Читать книгу Лента Мёбиуса - Александр Кучаев - Страница 7

Глава пятая
«Полярный медведь»

Оглавление

Колония эта в приполярье сибирской тайги была образована рядом с посёлком Забудалово ещё в 1951 году при строительстве в этом районе отрезка или продолжения, не знаю, как лучше назвать, Трансполярной железнодорожной магистрали – так и не законченной.

Лично мне доводилось бывать в тех заброшенных местах, и не раз – в качестве зэка, на подневольной работе; железнодорожные пути искривились, просели, многие участки их затянули болота и поросли лесом, как и кладбища умерших.

Поначалу лагерники участвовали непосредственно в прокладке дороги – гибли они тогда массово, многими тысячами по причине невыносимых условий; сказывались и плохое скудное питание, и худая одежда, и кое-как приспособленные бараки, и многие другие нехватки – всё в ужасных нескончаемых холодах.

Дорога на костях, так называли трансполярку. Тех, кто бежал, ловили, раздевали догола, привязывали к дереву или какому-нибудь столбу, мелкая двукрылая мошкара, питающаяся кровью теплокровных существ, облепляла тела сплошным серым одеялом, высасывала кровь, и через два-три часа люди умирали.

Когда строительство магистрали остановили, осуждённых использовали на других тяжёлых работах, в том числе на нефтяных месторождениях.

Много позже, уже в послесоветское время, лагерники валили реликтовый лес – тайгу – на незаконных преступных вырубках, организованных высокими московскими деятелями. Повторяю – всё опять же в суровейших климатических условиях, когда зимой – запредельная арктическая стужа, а летом – палящая жара и в придачу к ней вышеупомянутая нескончаемая кровососущая мошкара, гнус по-другому, от которой невозможно было дышать.

Обычно заключённые колоний строгого режима содержались в запираемых камерах, но в «Полярном медведе», устроенном волей больших начальников на севере Восточносибирского нагорья, таких замкнутых помещений не было – из соображений экономии, или действительного отсутствия средств на их строительство, или по каким-то другим причинам. Поэтому зэки находились в обычных лагерных бараках с установленной нормой два квадратных метра на человека.

В других колониях арестанты спали на шконках с матрацами, представлявших собой двух- или трехъярусные кровати, а в «Полярном медведе» были установлены нары, то есть простые деревянные настилы на некотором возвышении от пола, не вдоль стен, а перпендикулярно к ним.

Возможно, нары – это опять же из экономии средств, а скорее всего для того, чтобы усугубить и без того несладкую жизнь заключённых, арестантов или каторжников – от прозваний суть не менялась.

Распорядок жизни зэков строгий, однообразный.
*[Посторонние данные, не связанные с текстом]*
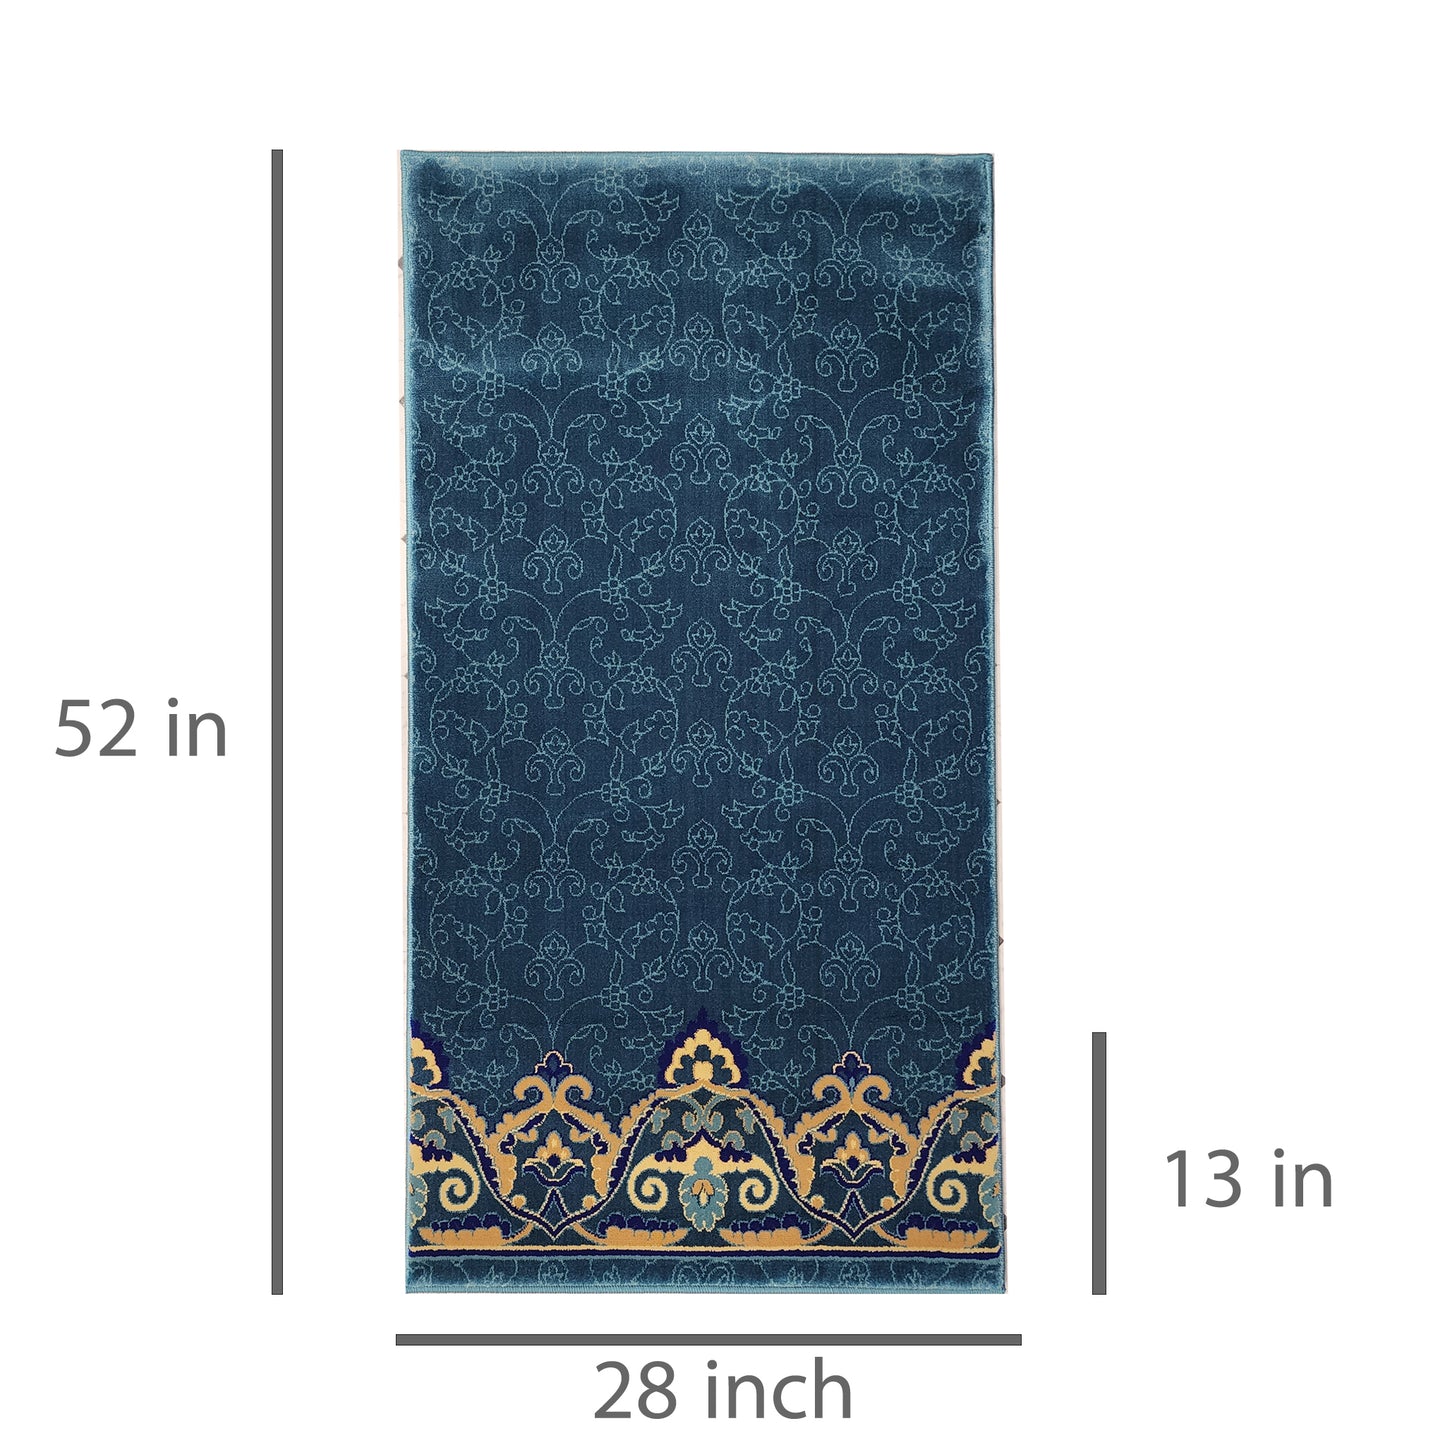 OMAR Light Blue Single Prayer Carpet Mat

Подъём – в шесть часов, отбой – в десять вечера. В течение дня – построение, работа, приём пищи. И так – долгими годами, без каких-либо изменений и перерывов. Один раз в неделю – десятиминутная помывка под душем; бани в «Полярном медведе» не было.
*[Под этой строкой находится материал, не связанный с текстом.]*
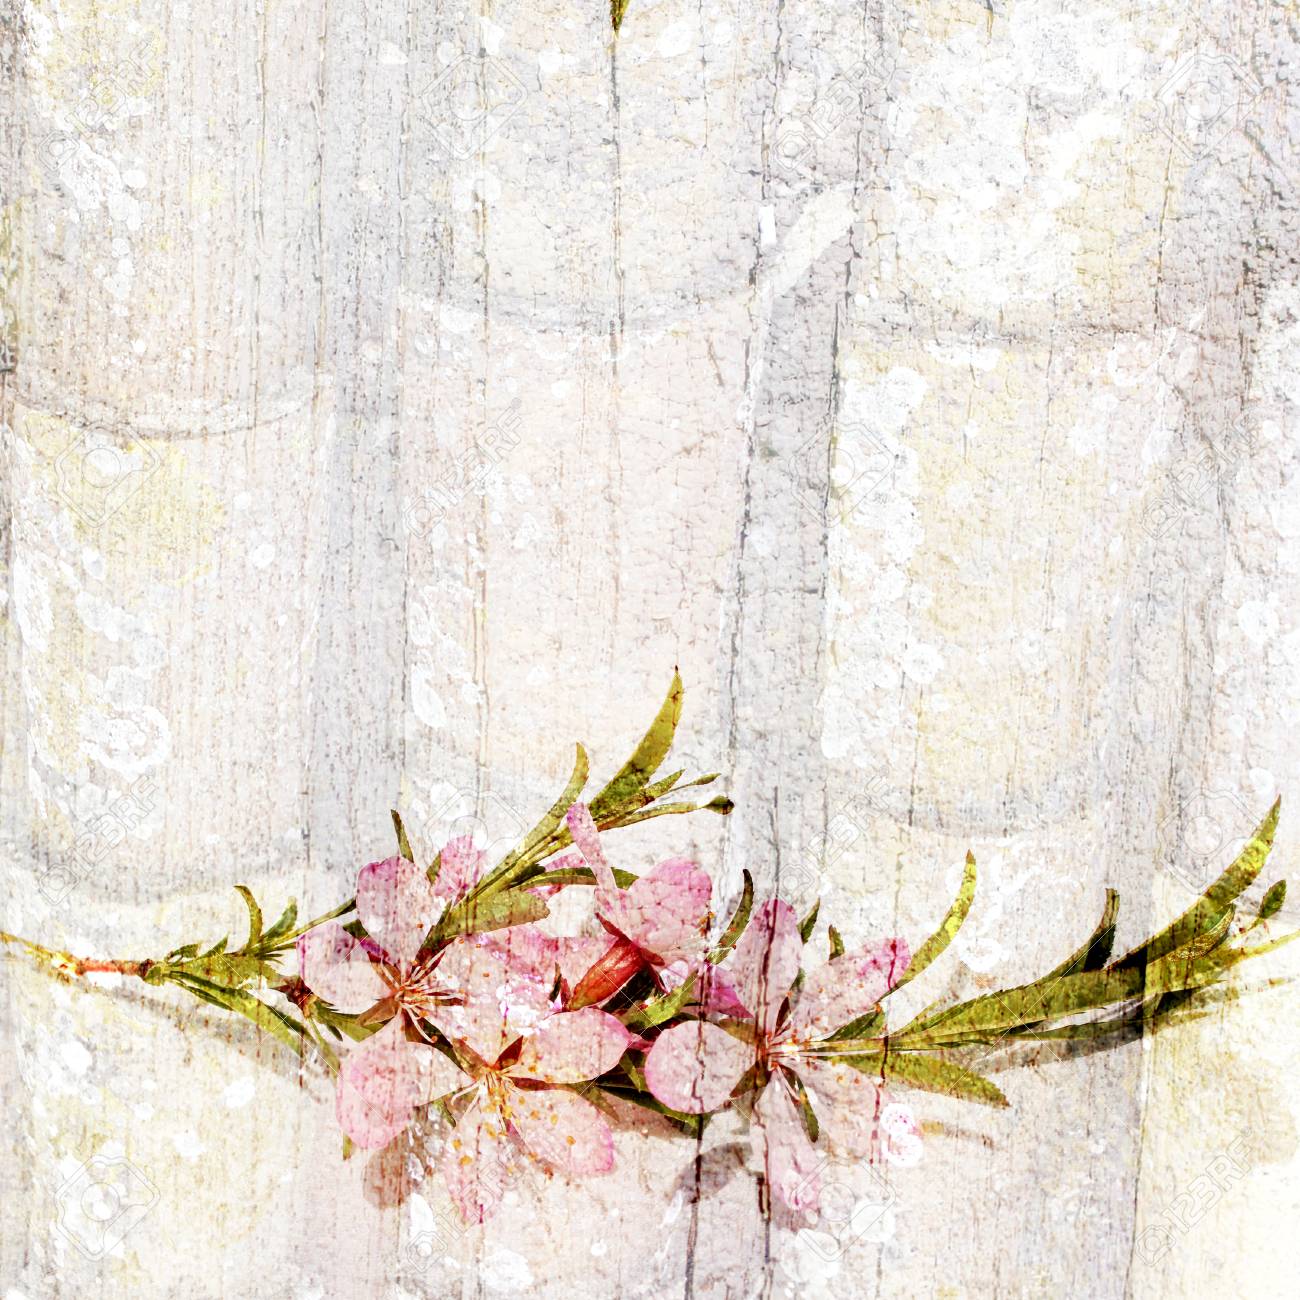 Vintage Floral Background Grunge Old Texture

Зато имелся банный комбинат в близ расположенном посёлке городского типа Забудалове – термы, как ещё называли его в округе. Заведение это под официальным названием «Нирвана» было построено на средства компании «Кентавр», занимавшейся лесоразработками, в качестве премии за вклад местных в исключительно прибыльное лесоуничтожительное дело, на фоне которого большинство преступлений, совершённых поднадзорными обитателями режимной колонии, выглядели невинными шалостями.

На строительстве комбината от начала и до конца использовались заключённые, так что основные расходы легли только на приобретение и тысячекилометровые доставки материалов и оборудования.

В «термах» любили проводить время и поселковые начальники, и лагерные, и все остальные, кто купался в деньгах.

Это был целый комплекс по оказанию банных и связанных с ними услуг и процедур. Здесь были и парилка с удобными скамьями и полками, и просторный бассейн, и уютный зал отдыха с вкусными и полезными для здоровья напитками и закусками, где отдыхавшие вели умные беседы, а порой заключали и договоры на свои выгодные предприятия. Были и массажные кабинеты с молоденькими или более старшего возраста девушками-массажистками – в зависимости от эротических предпочтений гостей.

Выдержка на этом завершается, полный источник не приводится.